Размер шрифта
-
+

Люди, годы, жизнь. Под колесами времени. Книги первая, вторая, третья - стр. 93

После Февральской революции в «Ротонду» как-то пришли русские солдаты из бригады, которую царское правительство направило на Западный фронт: им сказали, что здесь они смогут разыскать русских эмигрантов. Солдаты требовали, чтобы их отправили в Россию. Полиция начала придираться к Либиону; говорили, будто «Ротонда» – главная квартира революционеров; запретили посещение этого кафе военными; Либиону нанесли серьезные убытки; ко всему он испугался: время было скверное, Клемансо решил закрутить гайки покрепче, полиция бесчинствовала. Повздыхав, покряхтев, Либион продал «Ротонду» другому кабатчику, а сам купил небольшое кафе в спокойном месте – подальше от художников. Но тогда-то он понял, что обыкновенные посетители ему не интересны. Иногда он приходил в «Ротонду», садился в темный угол, заказывал стакан пива и тоскливо глядел по сторонам. Несколько лет спустя он умер; хоронить его пришли художники, поэты; некоторые стали к тому времени известными, и Либион, как многие его клиенты, узнал посмертную славу.

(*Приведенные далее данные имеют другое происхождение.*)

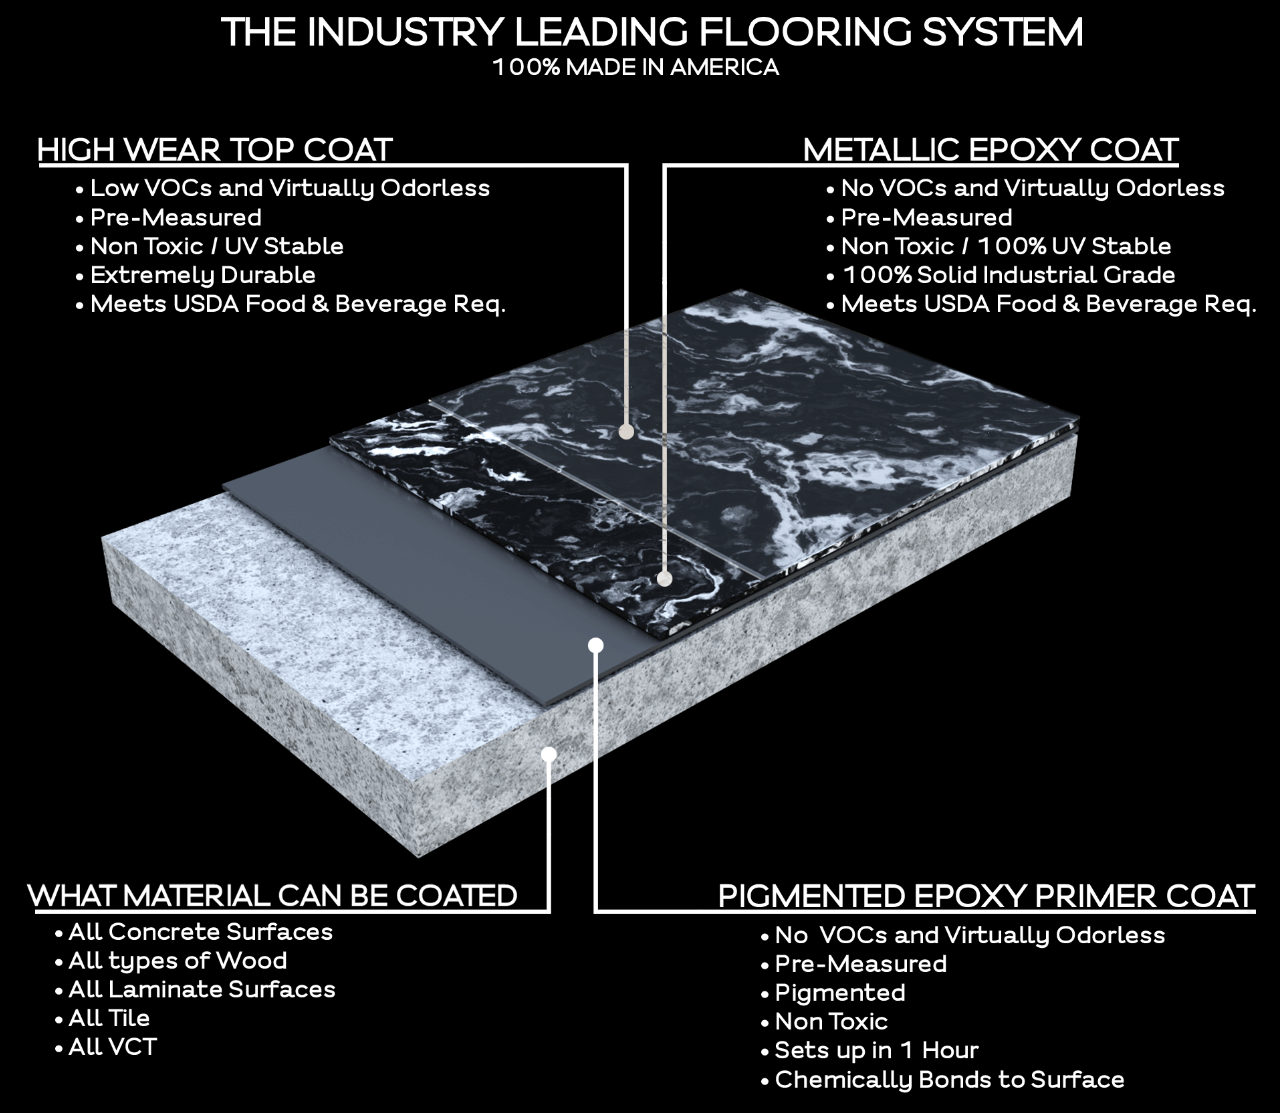 Detailed 3-D render of a metallic epoxy floor highlighting the benefits and strength of this type of flooring system.

Мой первый роман начинается с точной справки: «Я сидел, как всегда, в кафе на бульваре Монпарнас перед пустой чашкой и ждал, что кто-нибудь освободит меня и заплатит шесть су терпеливому официанту». Затем я рассказываю, что в кафе, вошел Хулио Хуренито, которого я принял за черта; это, конечно, вымысел. Я встретил в «Ротонде» людей, сыгравших крупную роль в моей жизни, но ни одного из них я не принял за черта – мы все тогда были и чертями и мучениками, которых черти жарят на сковородке. В театры мы ходили редко, не только потому, что у нас не было денег, – нам приходилось самим играть в длинной запутанной пьесе; не знаю, как ее назвать – фарсом, трагедией или цирковым обозрением; может быть, лучше всего к ней подойдет определение, придуманное Маяковским, – «мистерия-буфф».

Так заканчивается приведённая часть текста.